Among the entries below, the lines from the one with "Saint Valentine Picture" up to and including the one with "Purple watercolor painting flower purple flowers png" are to be restated exactly, without pictures.
*** Opening of Data supplied ***
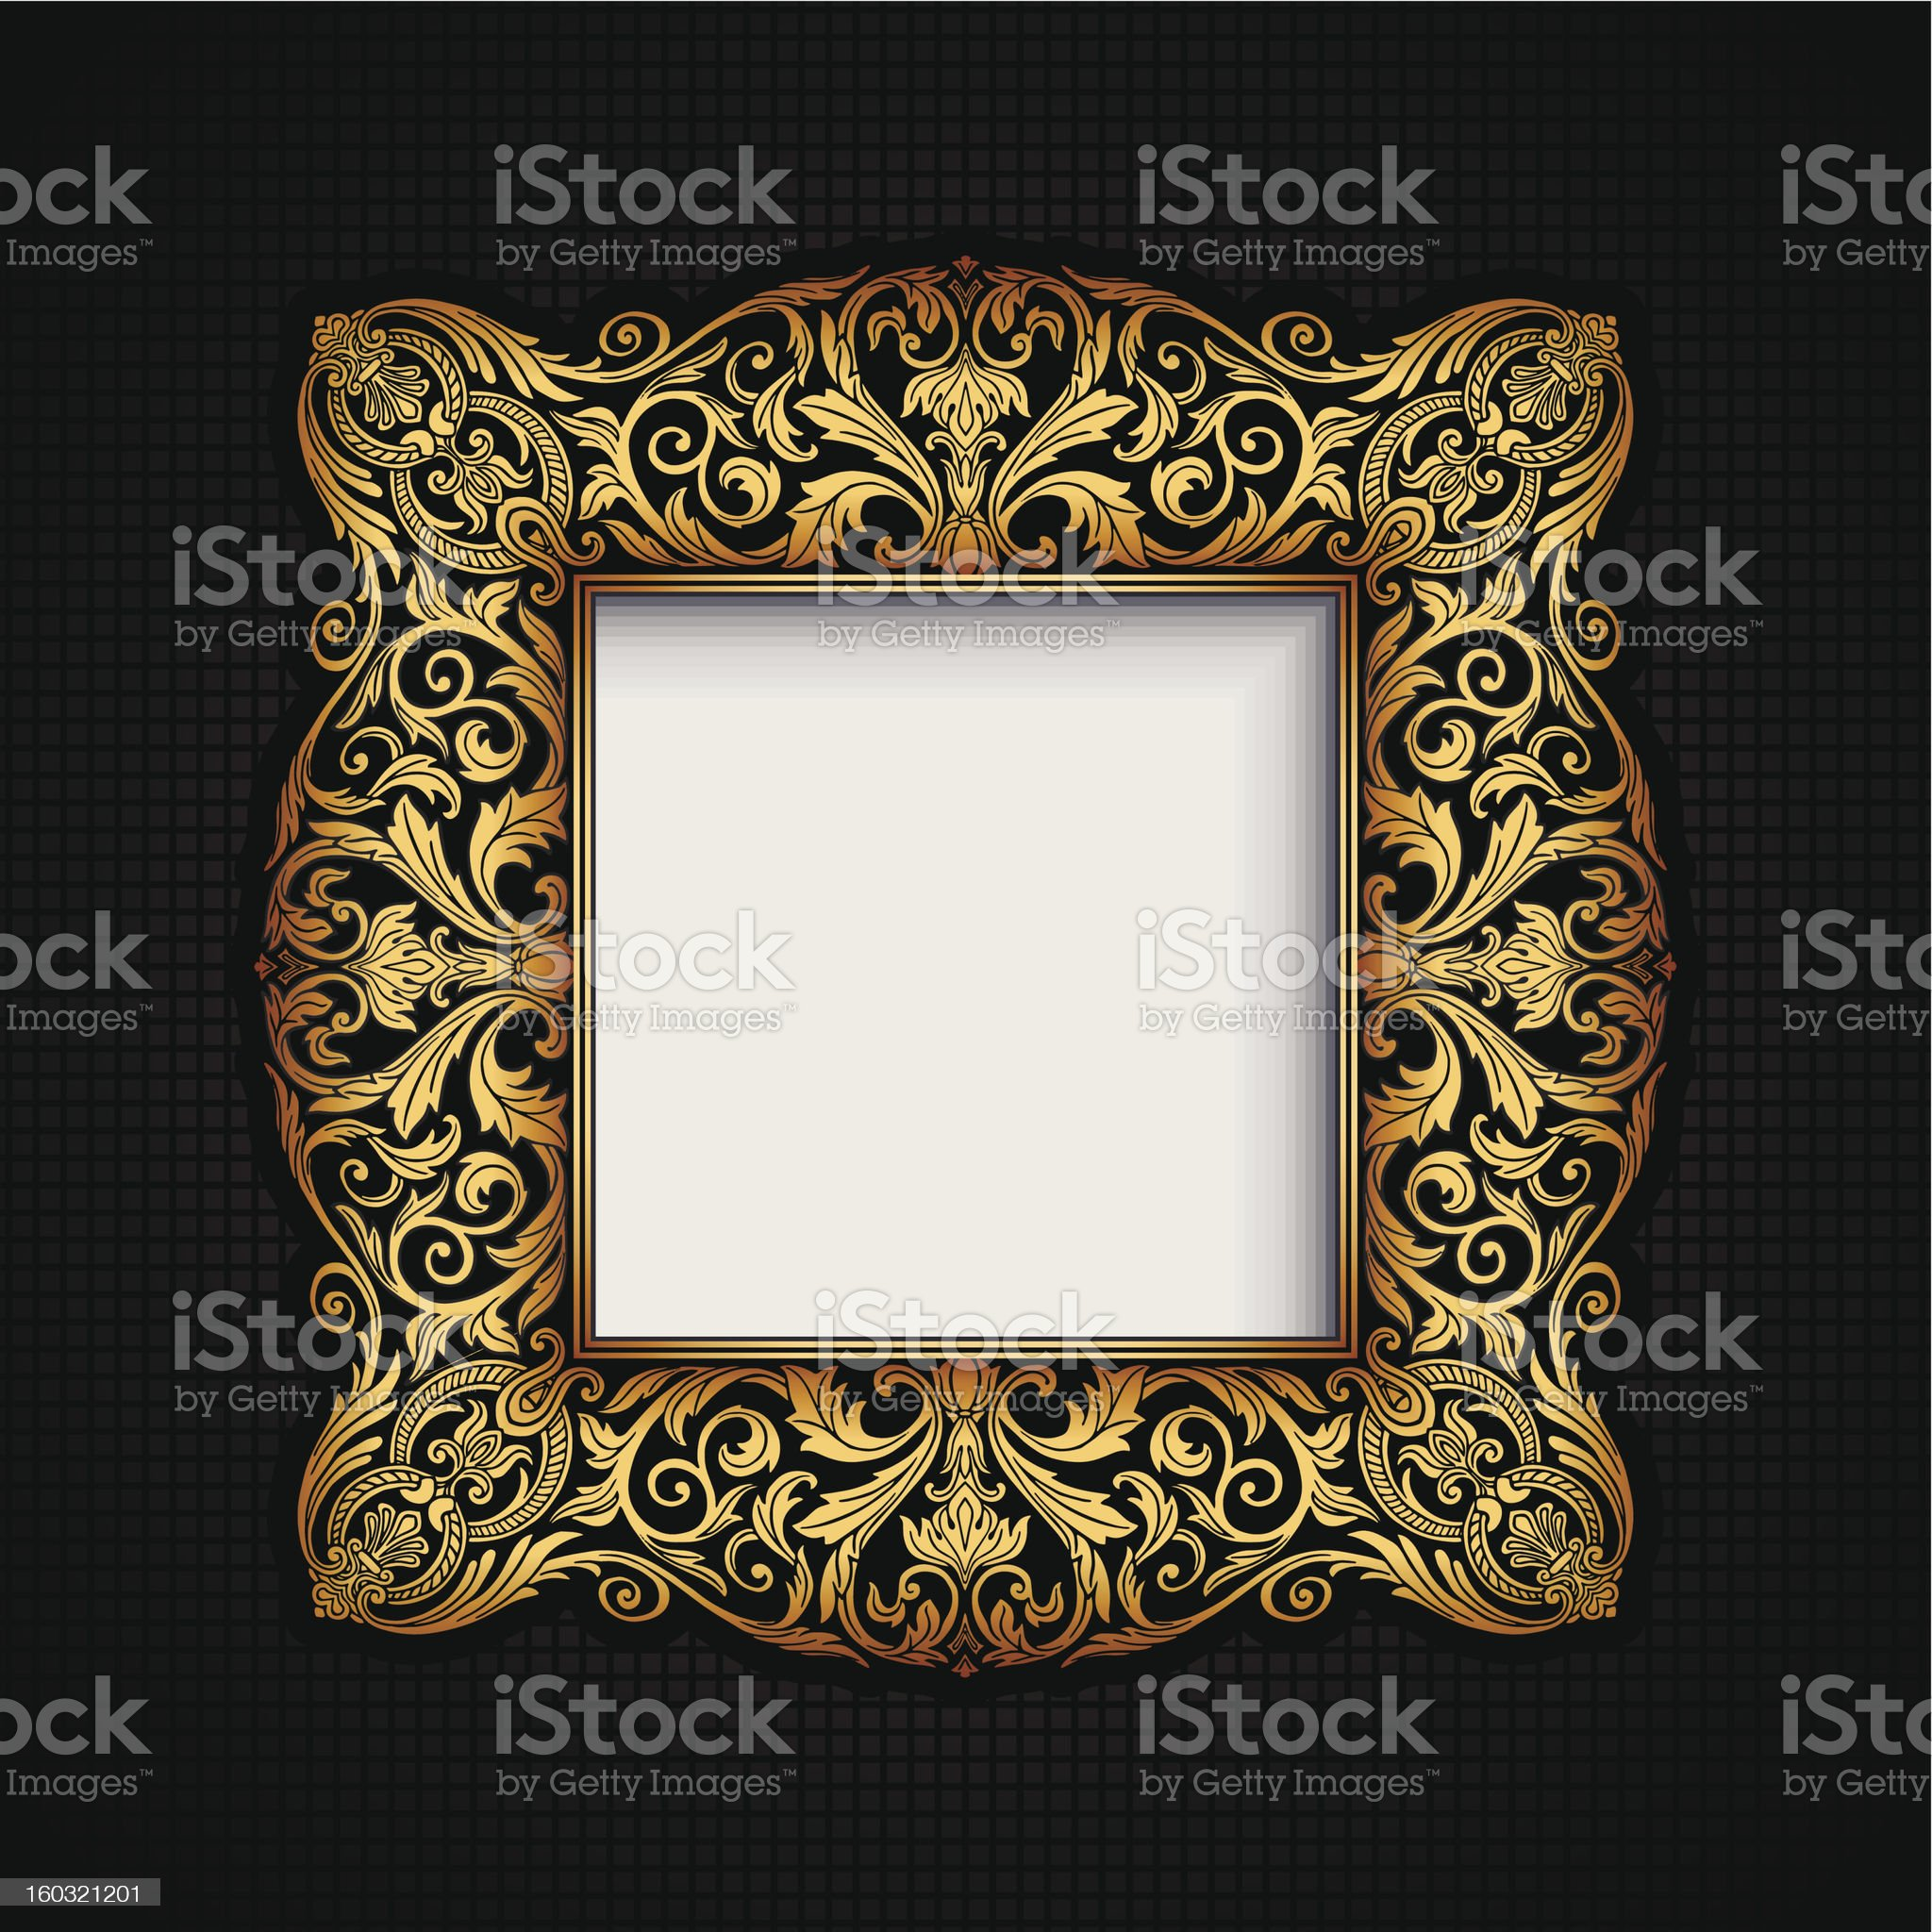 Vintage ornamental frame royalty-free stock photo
*** Close of Data supplied ***
*** Opening of Data supplied ***
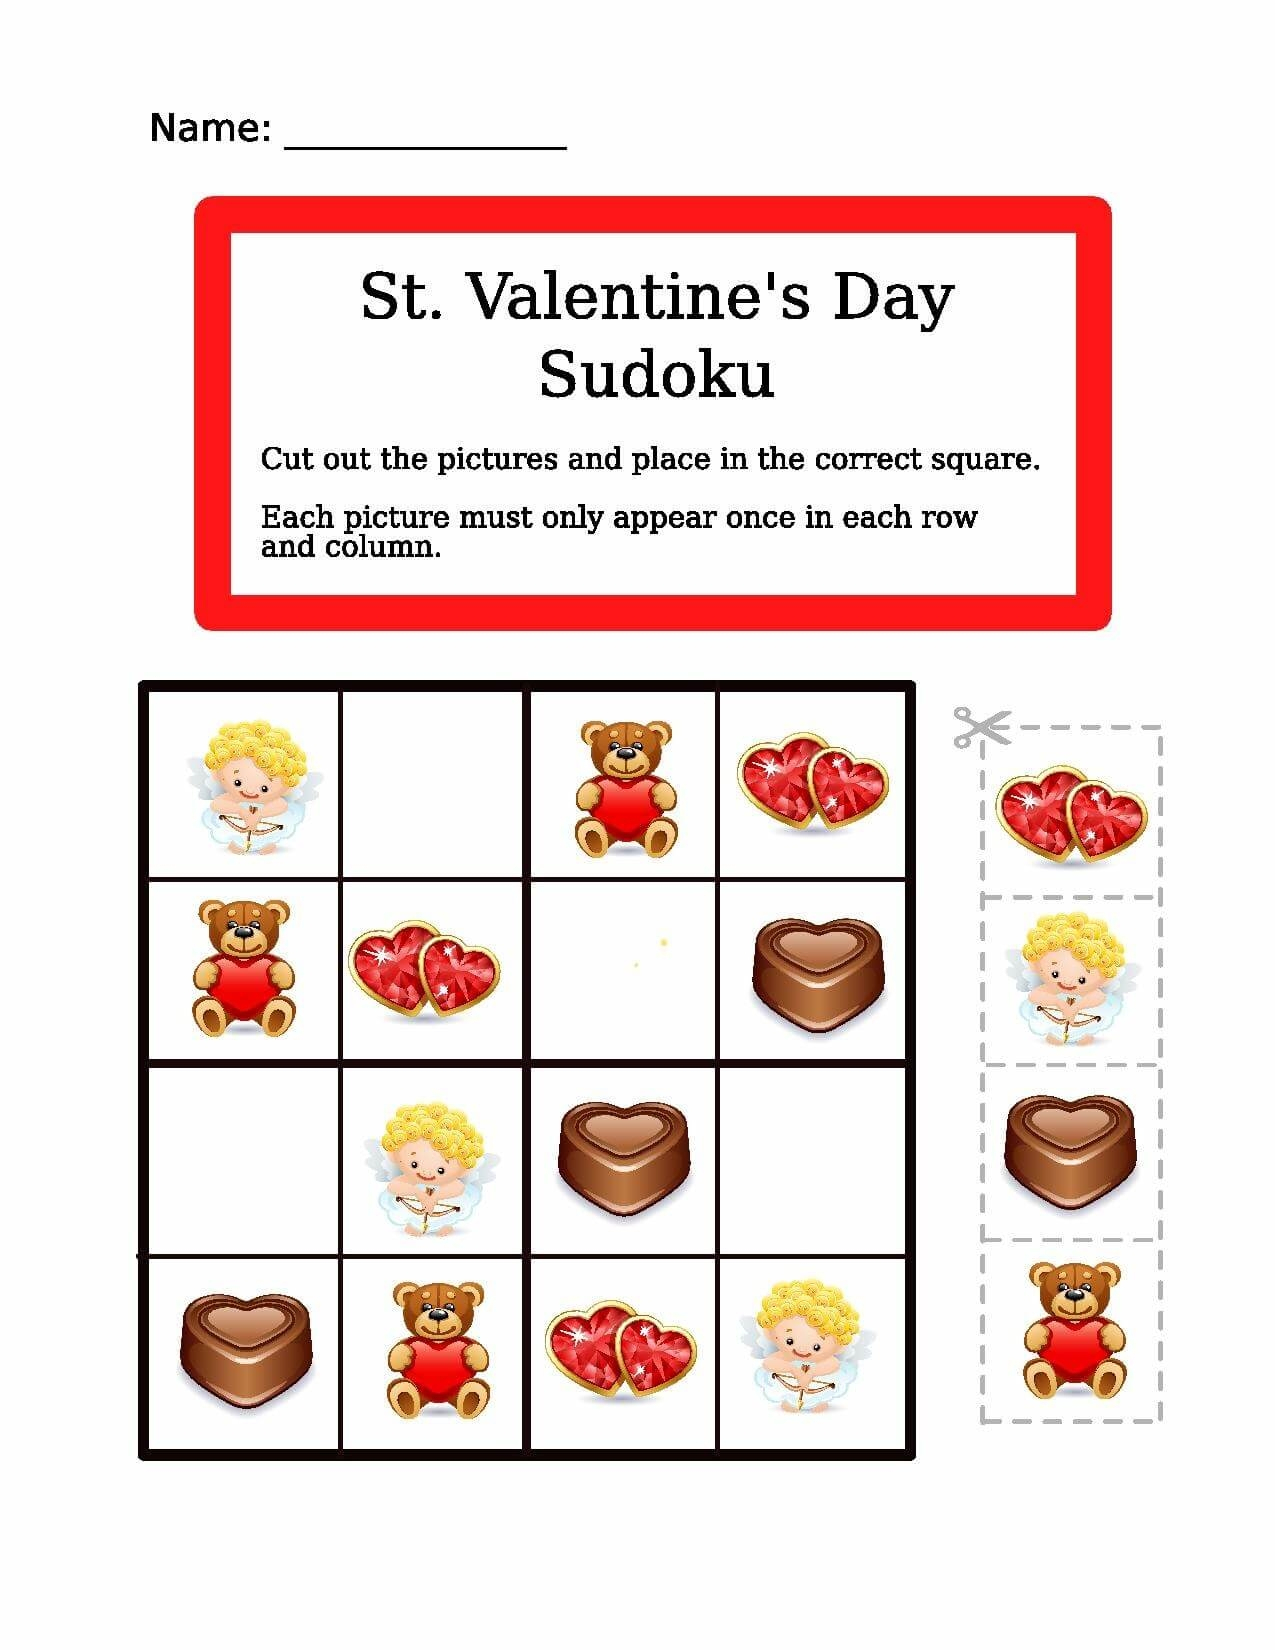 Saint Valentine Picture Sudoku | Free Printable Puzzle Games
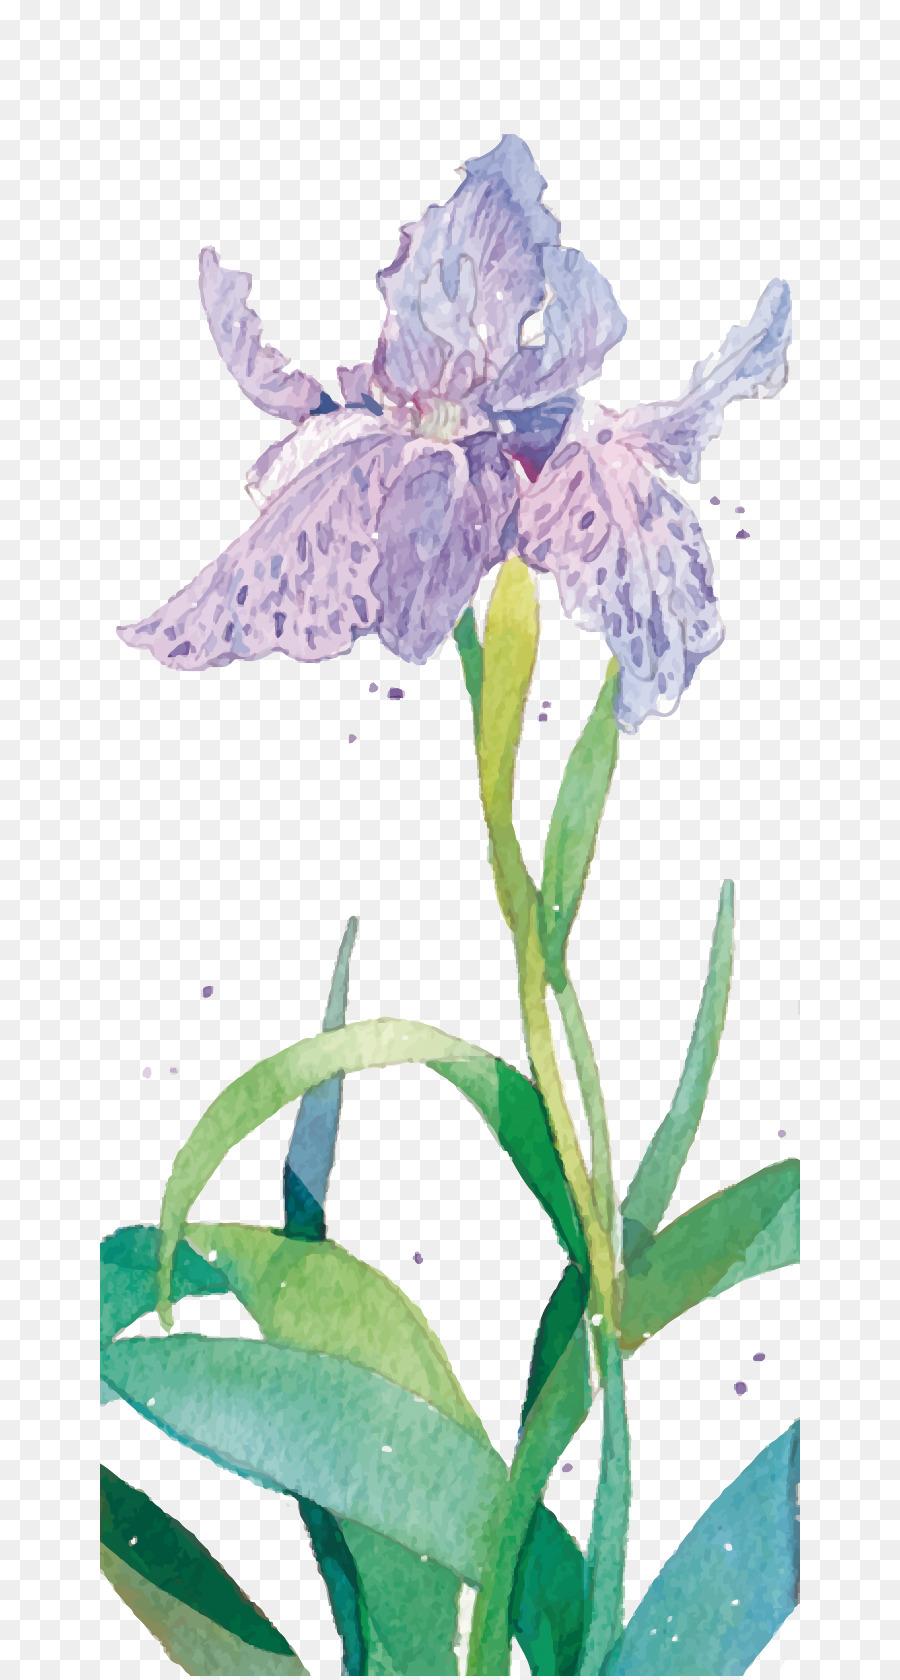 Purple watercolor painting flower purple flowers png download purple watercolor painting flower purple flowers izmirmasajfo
*** Close of Data supplied ***
*** Opening of Data supplied ***
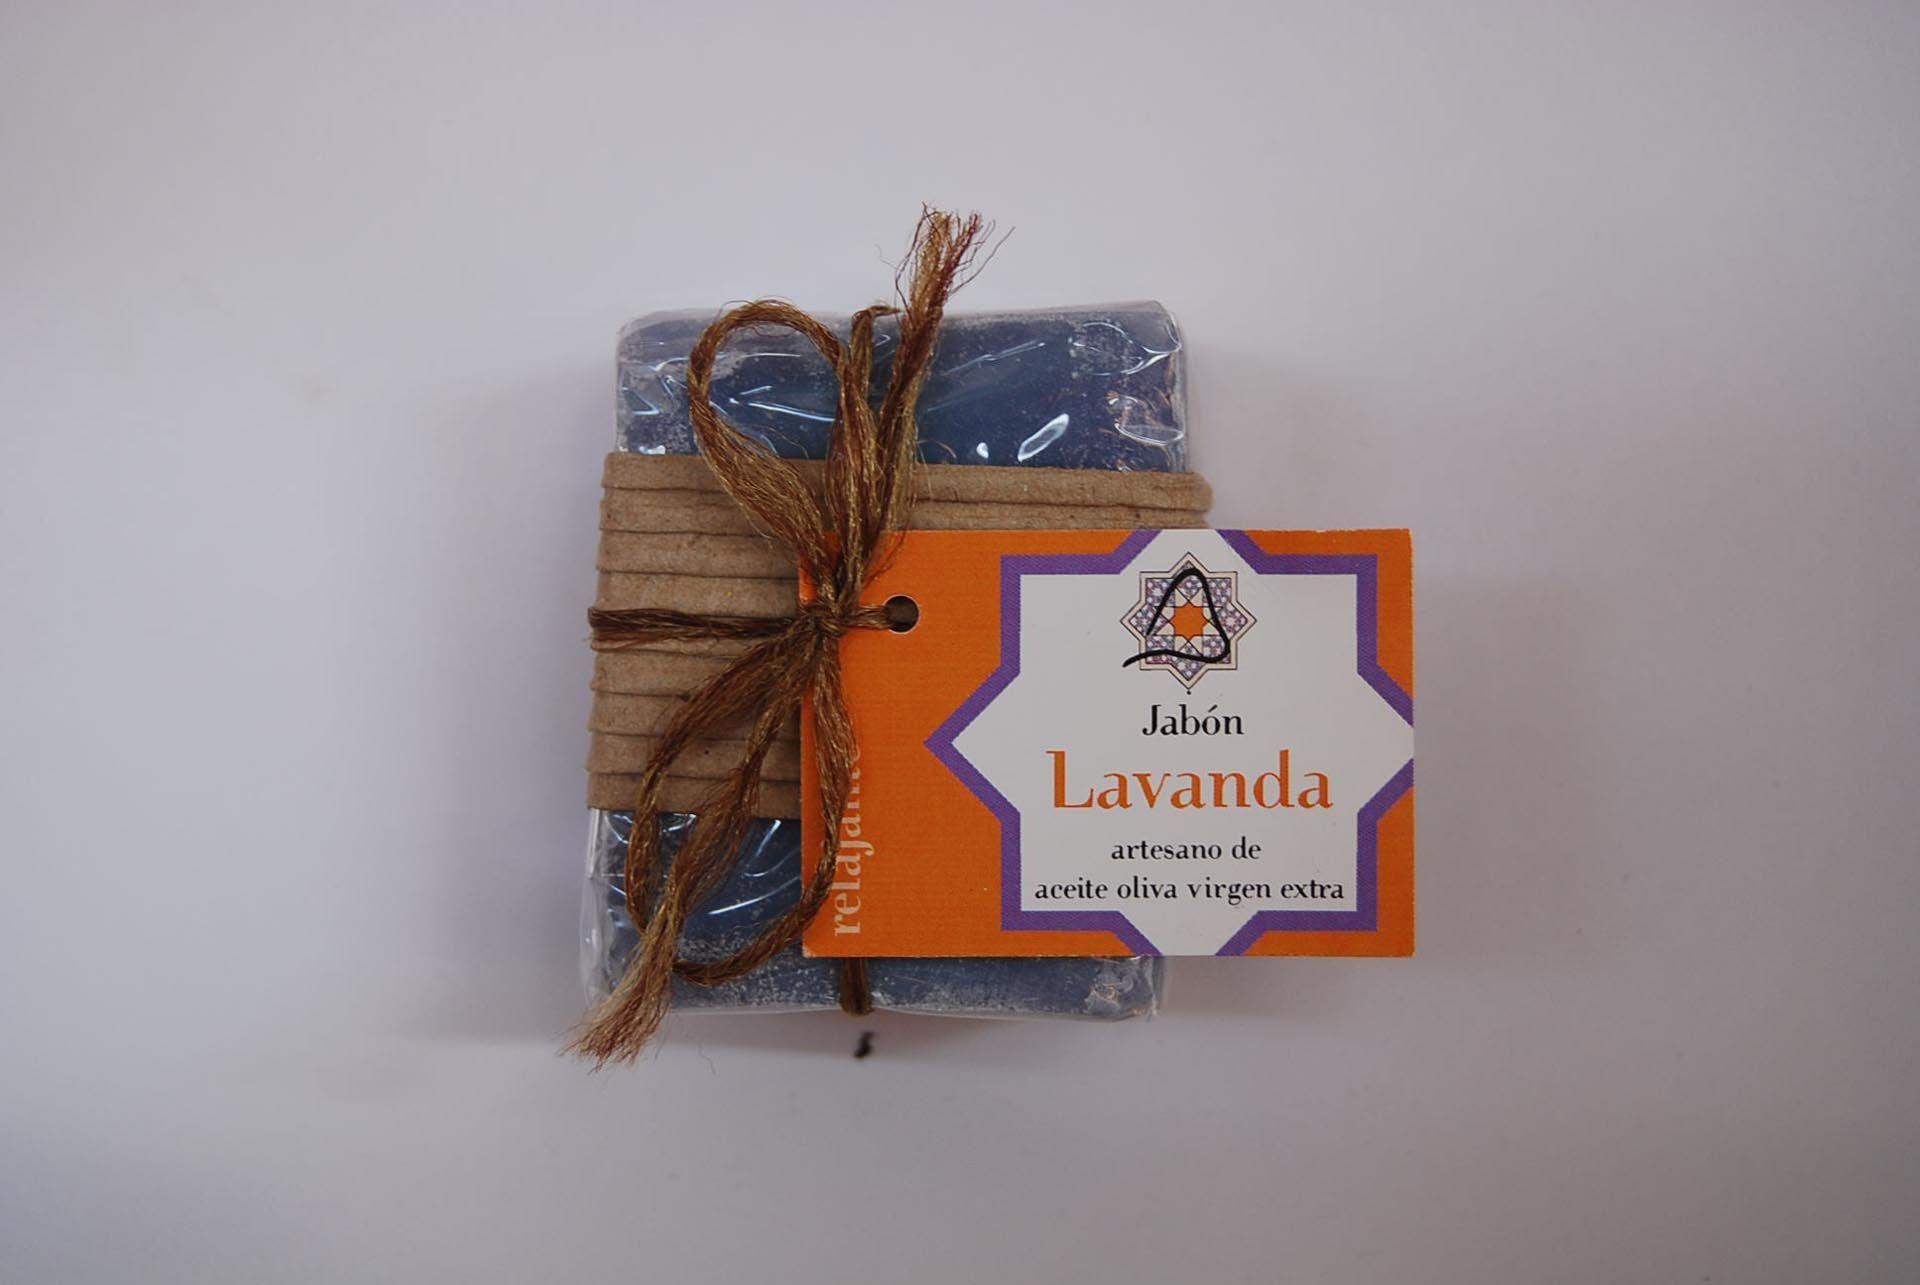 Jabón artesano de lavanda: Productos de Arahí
*** Close of Data supplied ***
**Expected output**
 Saint Valentine Picture Sudoku | Free Printable Puzzle Games
 Purple watercolor painting flower purple flowers png download purple watercolor painting flower purple flowers izmirmasajfo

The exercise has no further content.